Sure, statistically the total expectancy of trading is zero - or, as you note, less. That's a lovely concept, and useful in some ways. But waiting for some statistical bogeyman to come and rob me of everything I've made so far (I wonder how he's going to get back all the money I've spent, the food I ate, etc.?) is a waste of my time; I've got trading to do, interesting things to learn, and so on. It's also worth considering the distribution of profits and losses within the trading population: who the hell says that
every trader must eventually lose his shirt? As the old joke goes, you don't have to outrun the bear - just the other guy (who, in this case, happens to be half of all the traders in the world. I'm willing to take that bet.)
I.e., assuming that you're going to lose is not particularly useful - and anybody who claims that improving your trading skills is
not a net positive is so full of shit that his eyes are brown and muddy.
Now, assuming you're pickin' up what I'm a-layin' down...
Flies, from my (small) experience and based on what I've learned so far, aren't just about direction; they're also about timing. They're not comparable to going purely directional, because the price moving too far (or too soon) in a fly trade will land you in negative P&L. Your opinion in opening one does not have to be "more right" than anyone else's; it just has to be right for the market - which no one can predict with any certainty (and thus be "right" ahead of time on.) If you do, say, a skip-strike put butterfly for a small credit, and the price ends up above your body strike, you
will make that credit, end of story. If the price goes below the body strike, you have additional time/strike distance to adjust it; if it goes below your break-even, you can adjust, or accept stock, or make other decisions. Averages - which is what MMs and such have on their side - be damned; each trade stands or falls on its own, and
that is something where statistics cannot apply.
(I'll note that I've never lost money trading flies yet. In fact, of the several hundred live trades I have taken since I started, more than 90% have resulted in gains, only a small percentage have been actual losses, and only
two have been of any meaningful size (nothing comparable to the total gains.) And I'm still in my first year of trading options.)
Vol is easy to deal with by comparison to price - or at least easier. If I choose a stock with an IV rank of 100, what are its chances of going higher?

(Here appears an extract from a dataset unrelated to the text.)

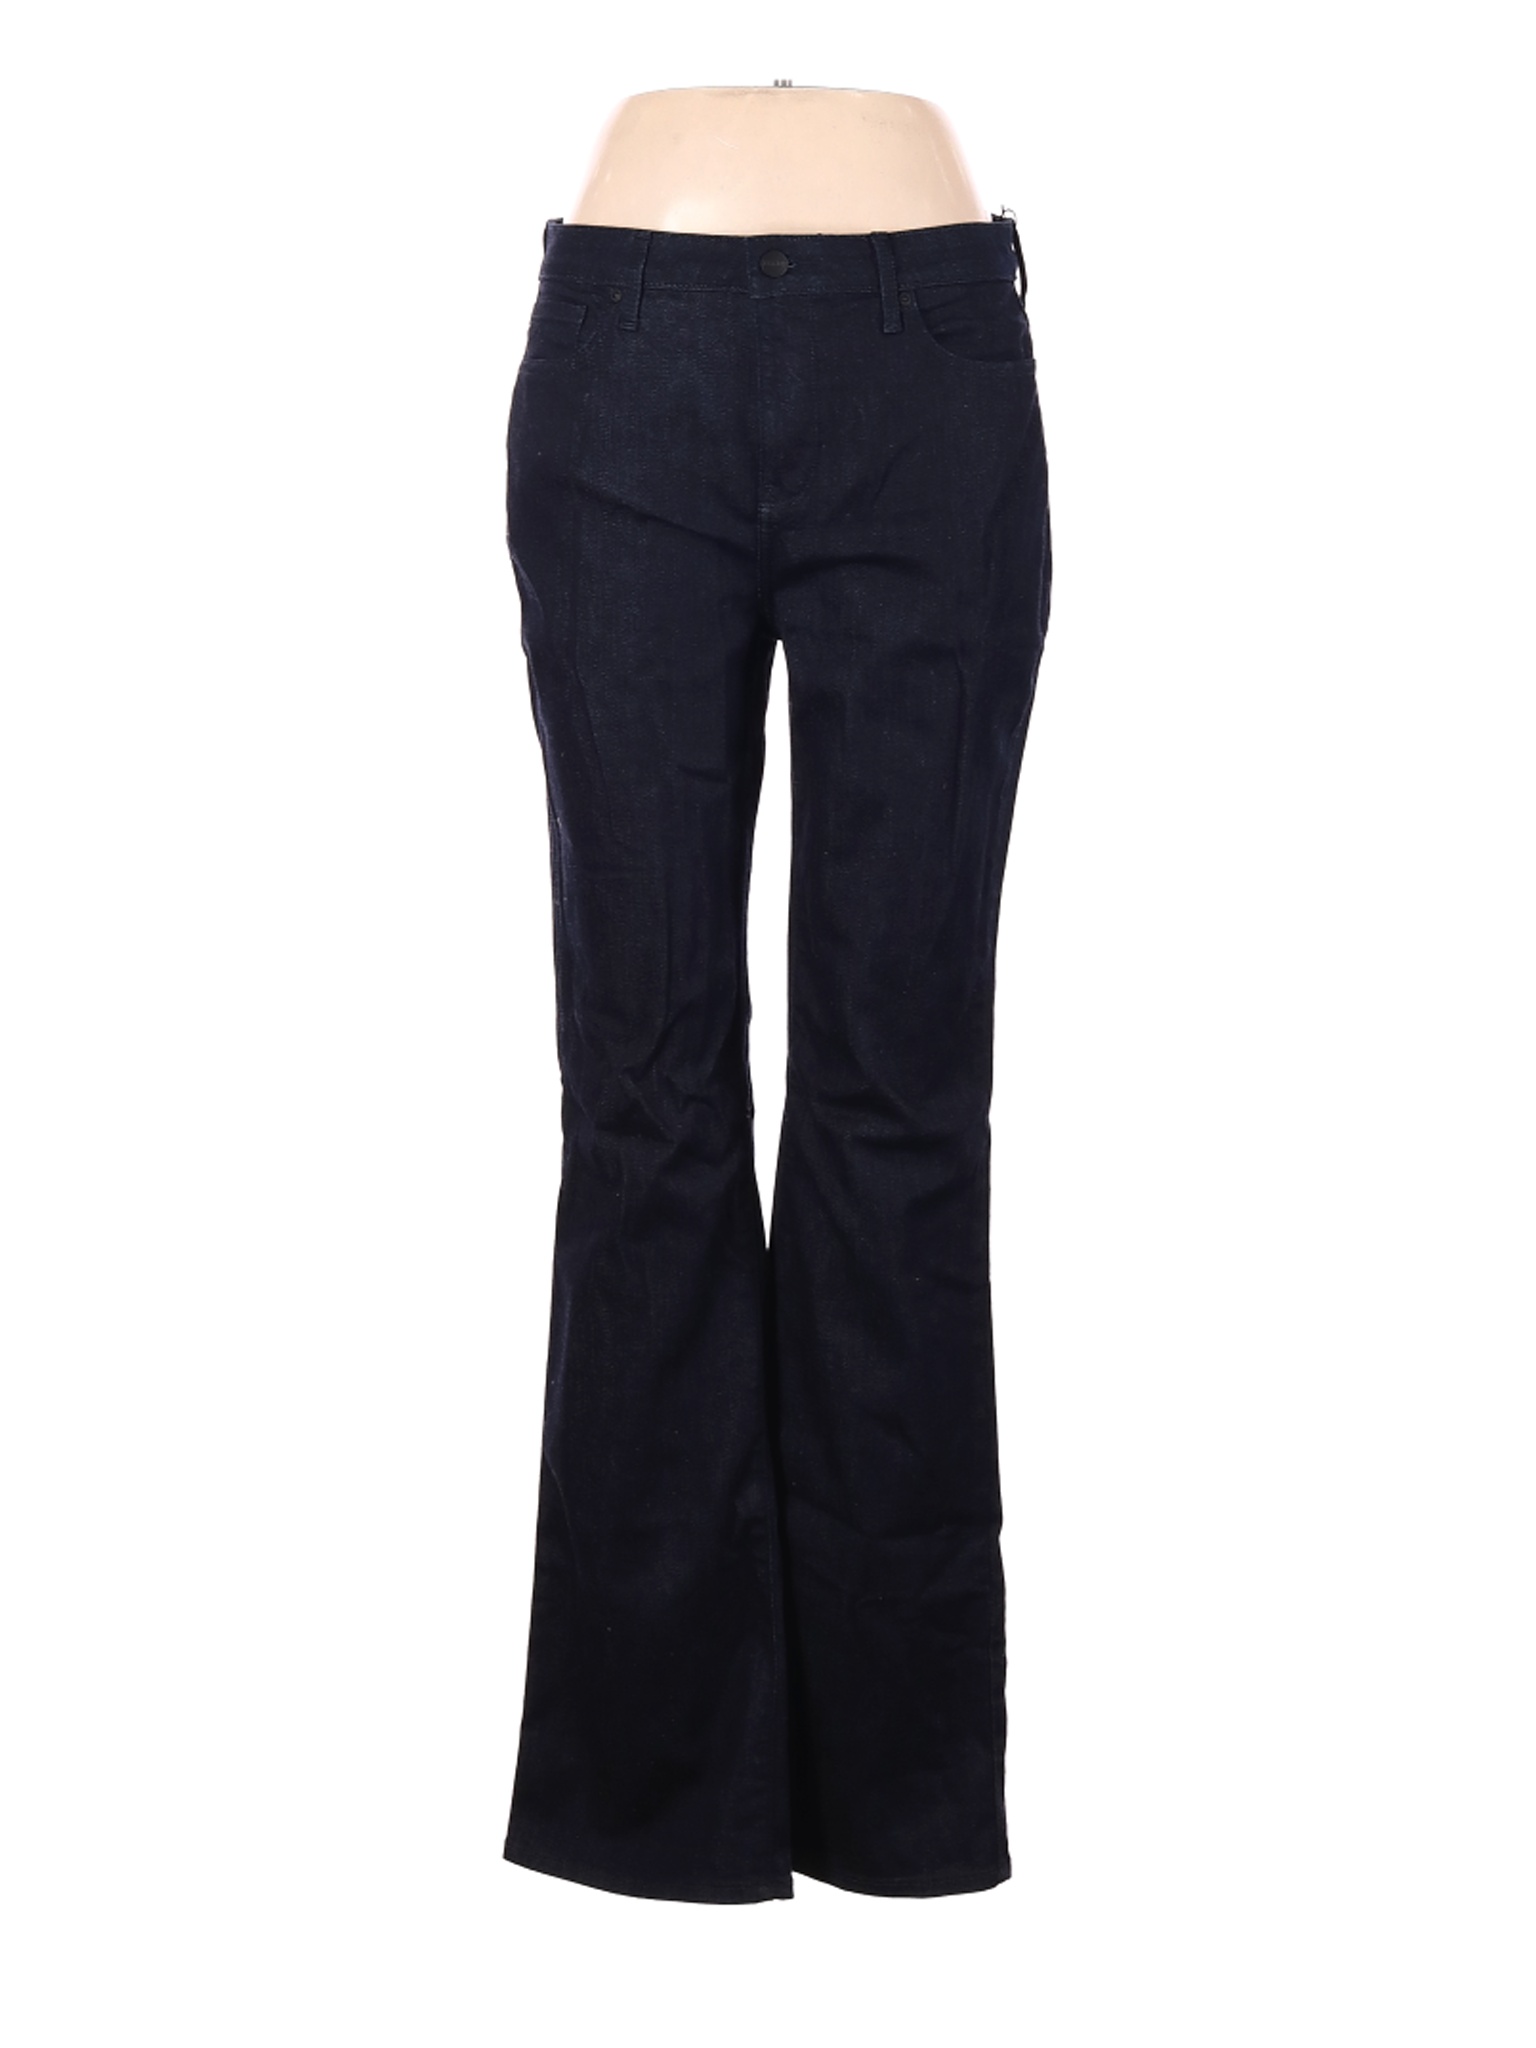 NYDJ Women Black Jeans 10 | eBay

That's a 50% improvement over price action right off the bat. Admittedly, I've had GLD
stick at 100 for a good long while - but rolling it eventually put me in profit anyway. For a good two out of three high-IV trades that I've done, it behaved pretty much per spec.
Lest I make it sound too easy, it cost me lots of long days of study and practice, and I've spent more time feeling like an ignorant idiot - with money on the line! - than in just about anything I can remember over the course of decades. But... I'm getting there, feeling like less of one every day, and gaining in skills that I really value. I'll take that - plus the little bits of cash I've been making along the way - any time.
(Didn't mean to turn this into a book, but I guess I had a lot to say on the topic. Hope some of it is of use.